Mary McCallum reports on MA students reading their work at Writers on Mondays: Medb Charleton, Peter Kemp, Marrissa Johnpillai, Chloe Lane, Jane Gardner, Sarah Bainbridge, Brent Kininmont, Joan Fleming and Ellie Catton, introduced by tutor Dora Malech (absent Larree Lust).
Dora Malech, the poet who fainted in full flight at the Writers on Mondays event a few weeks ago, was back this week with the MA class she tutors at Victoria University’s International Institute of Modern Letters. She told the lunchtime crowd that she is not so much a tutor to her class of ten very different writers but rather their co-conspirator.
First up is Irish writer Medb Charleton who’s out here studying poetry and living in Pukerua Bay where her ‘new landscape unsettles’. Her work trembles beckoningly in the space between the life she knew in Ireland and her life in NZ on a windy coast where trees are ‘hell-bent’. Charleton declares herself prone to the Irish art of exaggeration but her poetry seems to me to be elegant and restrained with a nice sense of light and space.
Peter Kemp’s up next. A memoirist, he says it’s ‘neat to see how similar the Irish people and kiwis are – apart from the exaggerations’. His work is appropriately unadorned prose spinning out of memories of ordinary things.

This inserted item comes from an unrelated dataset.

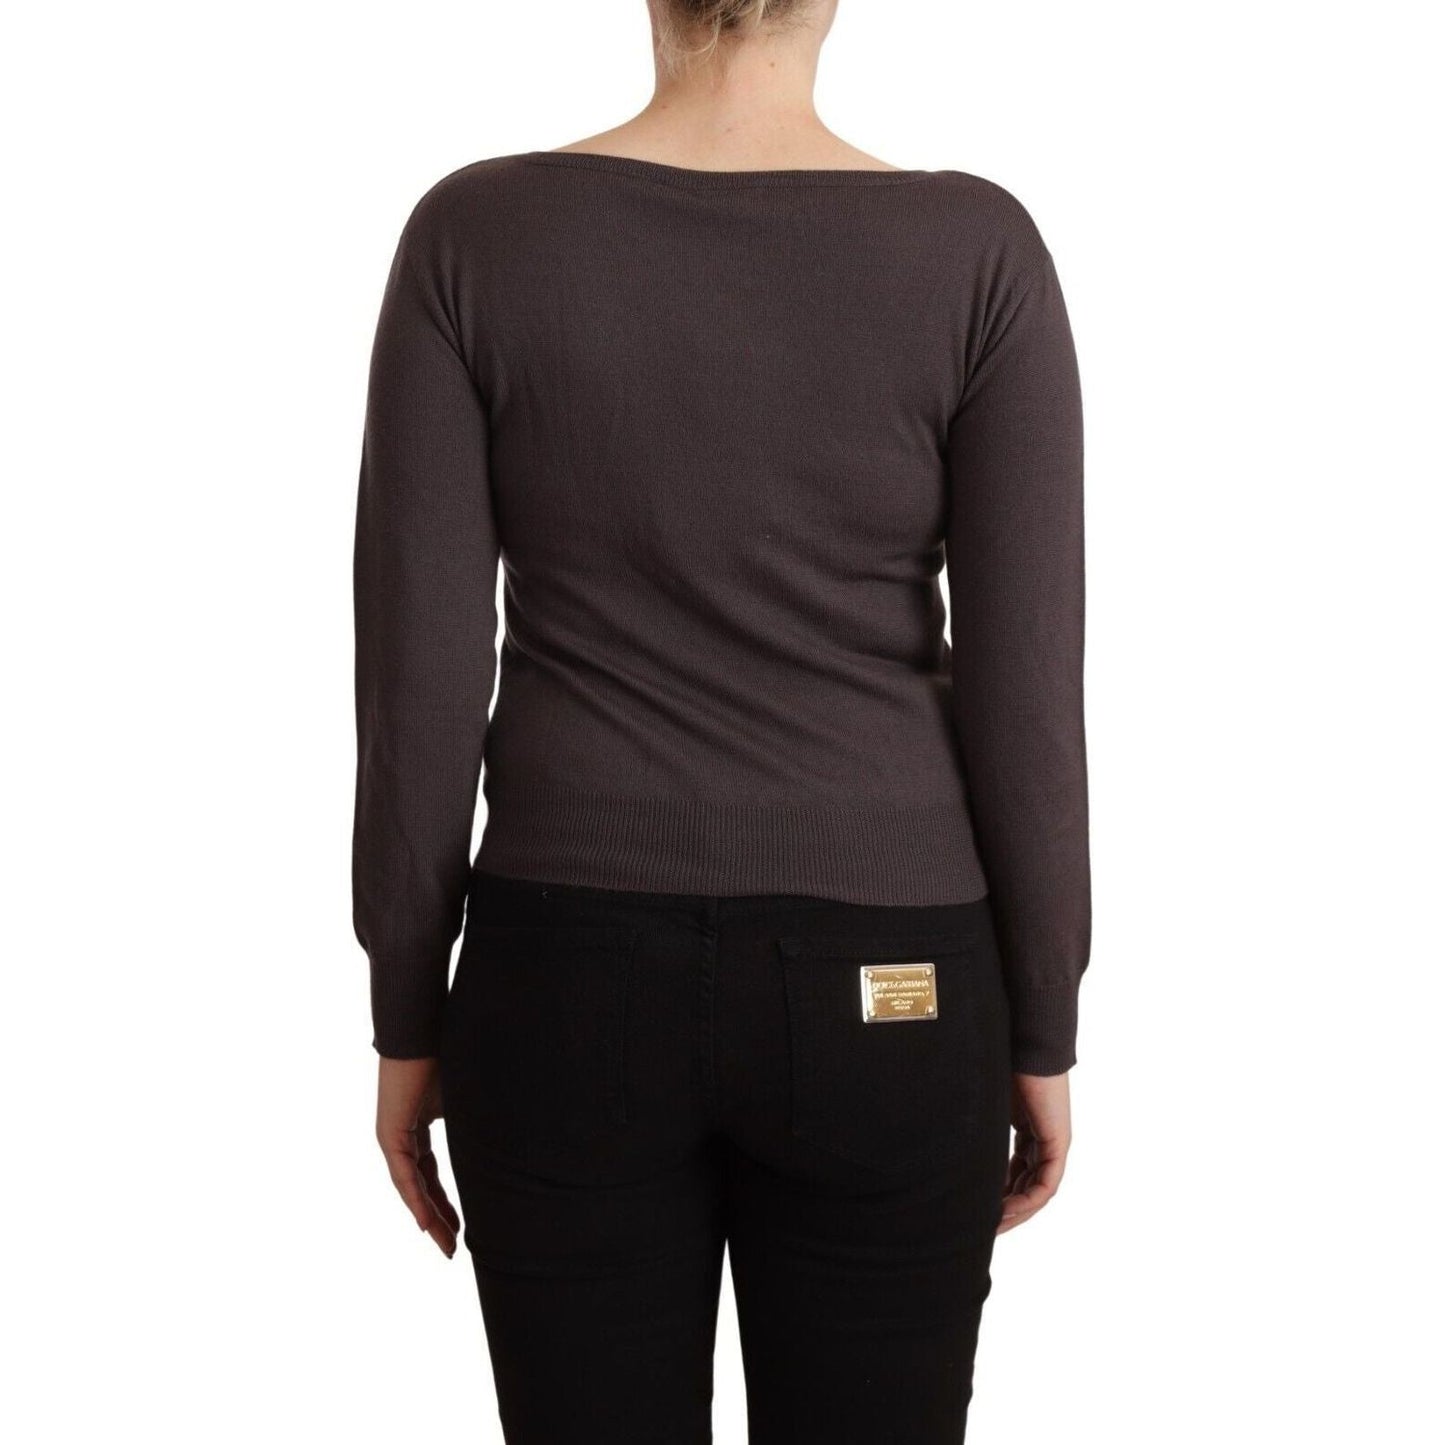 John Galliano Elegant Wool Long Sleeve Sweater brown-wool-sequined-long-sleeves-pullover-sweater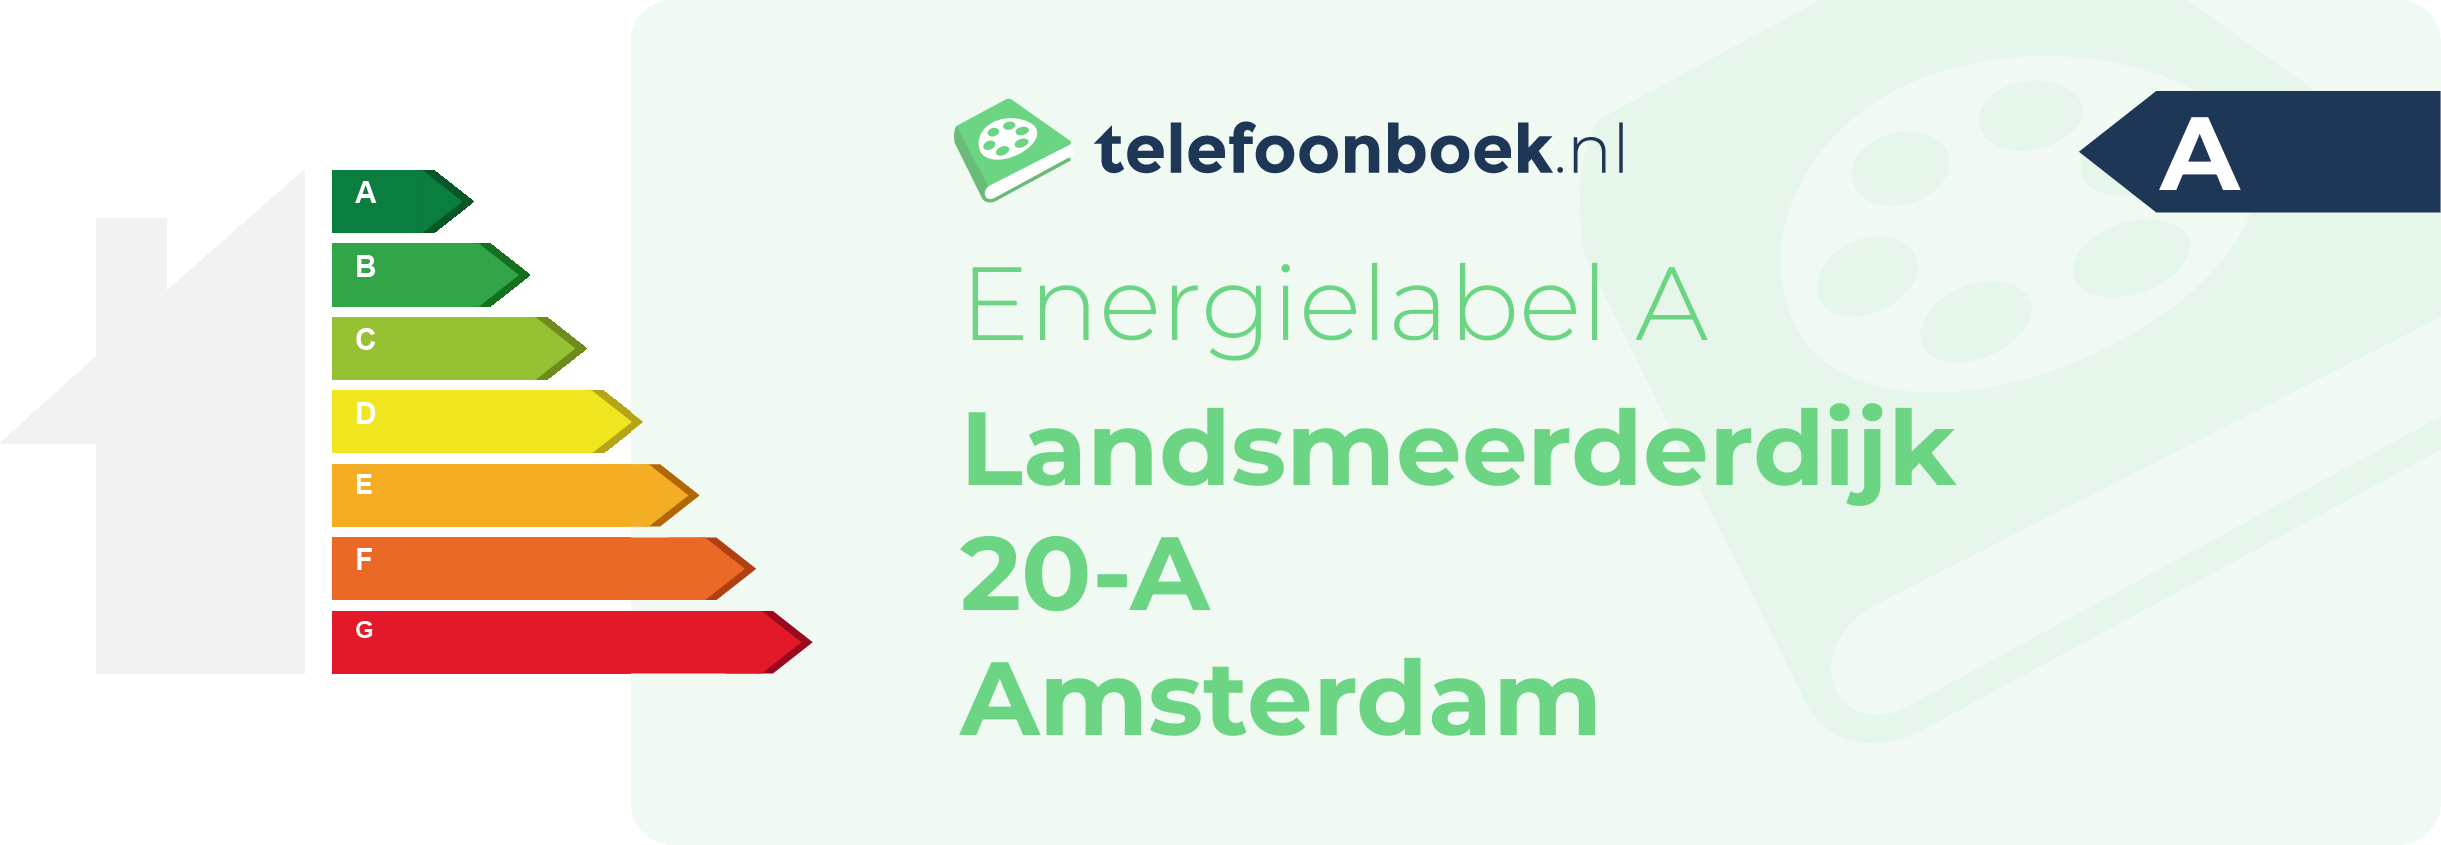 Energielabel Landsmeerderdijk 20-A Amsterdam

The extract he reads begins from a rattling doorknob near his childhood bedroom and grows into a yarn worthy of any Irish storyteller. Standing firmly in the middle of it is Kemp’s ‘look at this Gill it’s cast iron’ father – a substantial figure in only a short read.
Marrissa Johnpillai steps up to the mike and doesn’t read a thing. She knows her poems by heart and performs them like a Beat Poet – words both percussive and unchecked – a deluge even. ‘Cuba Street keeps her rain in buckets’ opens her ‘requisite’ Wellington poem, and there are other lines in there too fast, too strange to capture because you’re simply bewitched by the way they tumble from this particular fountain. I manage to grab: ‘She’s hungry Jack/ hungry to her jaws’, ‘chilli, cumin, cardamom, cloves’ and ‘frying is a one way street.’ Lots about food and sex. Exaggerate? Oh yes.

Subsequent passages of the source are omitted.